Peripheral blood smear taken at the time of referral evaluation showing that the majority of the majority of erythrocytes represent transfused red blood cells (original magnification 100×). The smear demonstrates anisocytosis, occasional Howell-Jolly bodies (indicated by the arrow), and occasional sickle cells.
Image 2.
Two dimensional color flow Doppler image showing a subcostal four chamber view during systole from the transthoracic echocardiogram. The color flow Doppler shows severe tricuspid regurgitation (with the transducer present at the top of the image, the blue area in the right atrium indicates blood flow from the right ventricle back into the right atrium). The image also shows severe dilation of the right atrium and right ventricle with flattening and bowing of the intraventricular septum into the left ventricle. Normally, the right atrium and right ventricle should be smaller than the corresponding structures on the left during systole.

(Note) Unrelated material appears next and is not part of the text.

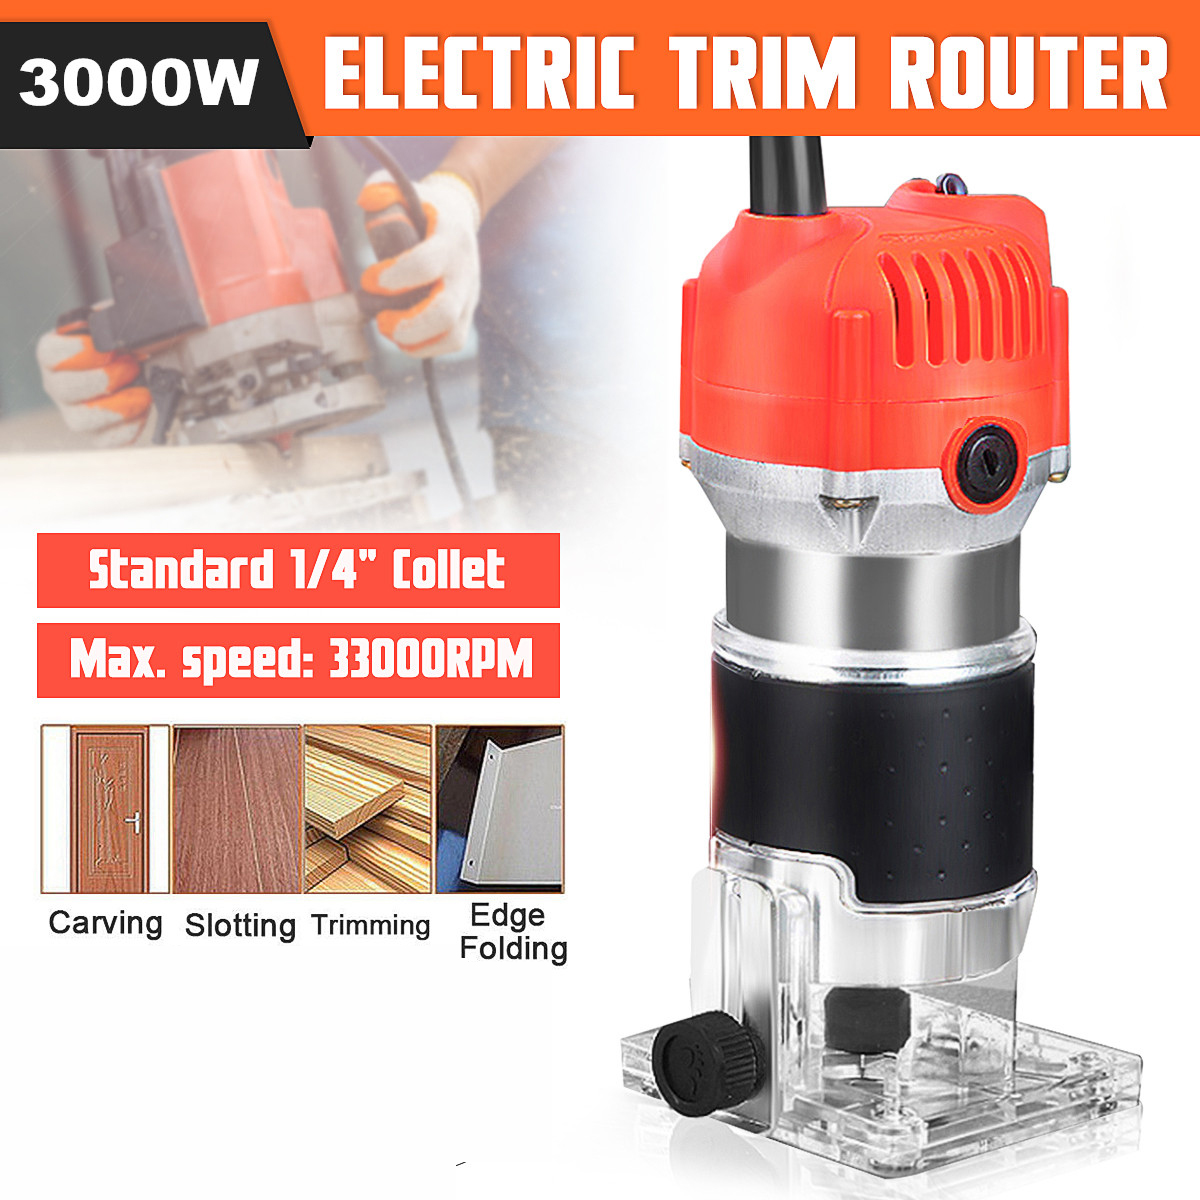 110V220V-680W-Trim-Router-Edge-Woodworking-Wood-Clean-Cuts-Power-Tool-Set-33000RPM-with-Box-1245528-1

RA = right atrium; RV = right ventricle; LV = left atrium; and V = position of the echocardiographer's transducer.
Image 3.
Pulsed Doppler recording of regurgitant blood flow across the tricuspid valve during systole from the patient's transthoracic echocardiogram. The peak Doppler tricuspid regurgitant jet velocity (TRV) shown is 4.5 meters per second.
Image 4.
PA view of the nuclear medicine ventilation scan showing uniform distribution of the technetium 99m DTPA isotope throughout the patient's lungs. L = left and R = right.
Image 5.
PA view of the nuclear medicine perfusion scan of the lungs after intravenous injection with the technetium 99m MAA isotope. The perfusion scan activity is significantly less on the left compared to the right. This image also shows a major perfusion defect in the lateral basal segment of the left lower lobe as indicated by the arrow. Also observed are smaller partial perfusion segment defects in the left upper lobe, the lingula, and the right upper lobe. The pulmonary ventilation perfusion scan was reported to have an intermediate to high probability for the presence of pulmonary emboli. L = left and R = right.
Image 6.
A single axial image from the CT angiogram showing severe dilation of the main pulmonary artery and the right and left branch pulmonary arteries. Normally, the main pulmonary artery has an equal or smaller diameter than the ascending or descending aorta. MPA = main pulmonary artery; LPA = left pulmonary artery; RPA = right pulmonary artery; A1 = ascending aorta; and A2 = descending aorta.